🤖 AI Summary
FLOPS regularization underperforms in non-symmetric sparse retrieval (where queries are not encoded), limiting inference efficiency. Method: This paper introduces, for the first time, an end-to-end trainable sparsification framework based on the $ell_0$ norm into this paradigm. It proposes an $ell_0$-relaxed approximation, a differentiable hard-thresholding operator, and a two-stage sparse training strategy—eliminating hand-crafted rules and enabling truly inference-free query processing with zero parameters and zero computation on the query side. Contribution/Results: Evaluated on the BEIR cross-domain benchmark, our method achieves state-of-the-art performance among inference-free sparse retrievers, matching mainstream Siamese sparse models in effectiveness while significantly reducing online latency and computational resource overhead.
📝 Abstract
With increasing demands for efficiency, information retrieval has developed a branch of sparse retrieval, further advancing towards inference-free retrieval where the documents are encoded during indexing time and there is no model-inference for queries.
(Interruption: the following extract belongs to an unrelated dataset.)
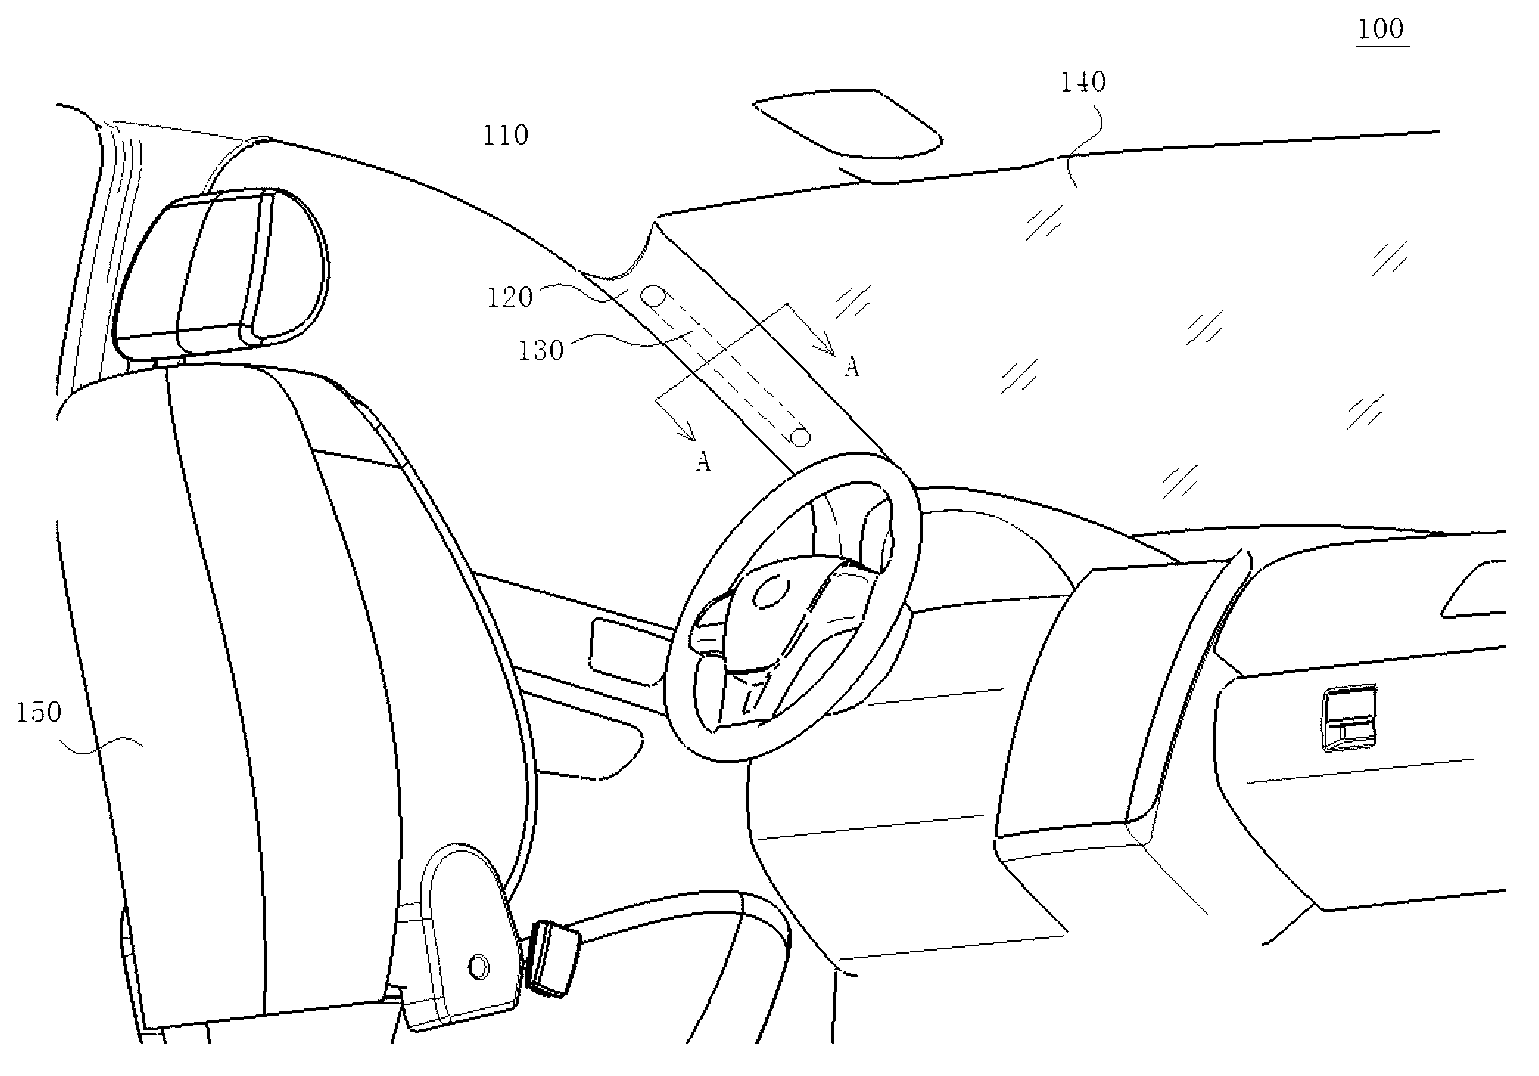 Automobile airbag and automobile

Existing sparse retrieval models rely on FLOPS regularization for sparsification, while this mechanism was originally designed for Siamese encoders, it is considered to be suboptimal in inference-free scenarios which is asymmetric. Previous attempts to adapt FLOPS for inference-free scenarios have been limited to rule-based methods, leaving the potential of sparsification approaches for inference-free retrieval models largely unexplored. In this paper, we explore $ell_0$ inspired sparsification manner for inference-free retrievers. Through comprehensive out-of-domain evaluation on the BEIR benchmark, our method achieves state-of-the-art performance among inference-free sparse retrieval models and is comparable to leading Siamese sparse retrieval models. Furthermore, we provide insights into the trade-off between retrieval effectiveness and computational efficiency, demonstrating practical value for real-world applications.